これは、もう戦時であるといっていい。動員が必要なのだ。政治家たちは2050年に80%という目標を掲げている。政治家には支持が必要なのでそういうが、科学的にいうとそれでは遅い。

一方で期待できることも起きている。

中国ではきわめて大規模は風力発電の試みが始まっている。北アフリカでの太陽光発電、風力発電を欧州に送る民間の計画もある。とりわけ中国は、これまでの路線を転換して、7つの巨大風力発電所の建設をしている。

アメリカでは、ついに自動車の利用が減り、石油使用量がマイナスになってきている。

日本政府が持っている2020年に10%削減という目標は、低すぎる。日本には1万の温泉があり、浅い場所から地熱を取り出せる利点がある。世界的に地熱分野では先導者はいないので、この分野で日本は世界の主導者となれるはずだ。

私が今回のプランB4.0の副題に、「Mobilizing to Save Civilization」(文明を救うために、動員せよ)という言葉を使ったか。

もはや、宣戦布告が必要な状況なのだ。私たちは、安全保障(Security)という言葉を定義し直さなくてはならない。前世紀の危機は、国家国土への軍隊の侵略だった。しかし未来の脅威は、ピークオイル(石油の枯渇)であり、ピークウォーター(水の枯渇)だ。今後50年このままのことをしていて人類が続くことはあり得ない。
シュメール文明は地下水の過剰な汲み上げによる塩害で滅んだ。森林破壊、極地の氷床融解、海氷の消滅、地下水の過剰くみ上げ、温暖化ガスの増加、魚の乱獲。この中の一つとして、われわれはまだ解決できていない。

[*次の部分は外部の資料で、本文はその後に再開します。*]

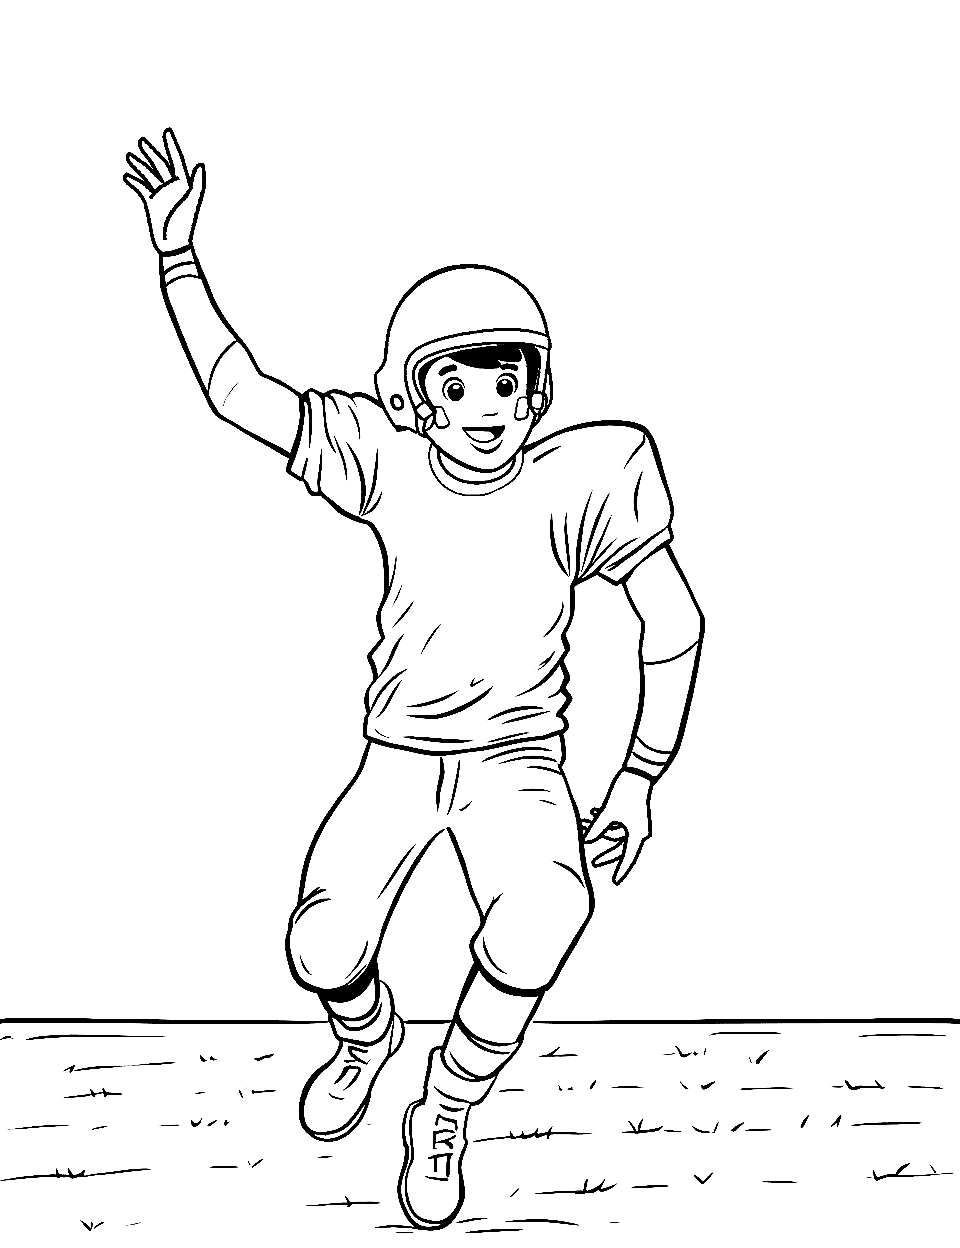 End Zone Celebration  Coloring Page - A player celebrating after a touchdown.

問題はすでに始まっている。たとえば食料の高騰。大豆がこの数年で3倍に高くなった。いったんは落ち着いているが高値で止まっている。さらにまた高騰することだろう。これまで通り(business as usual)ではいけないのだ。

だから私は、「mobilize(動員)」という戦争用語を使ったのだ。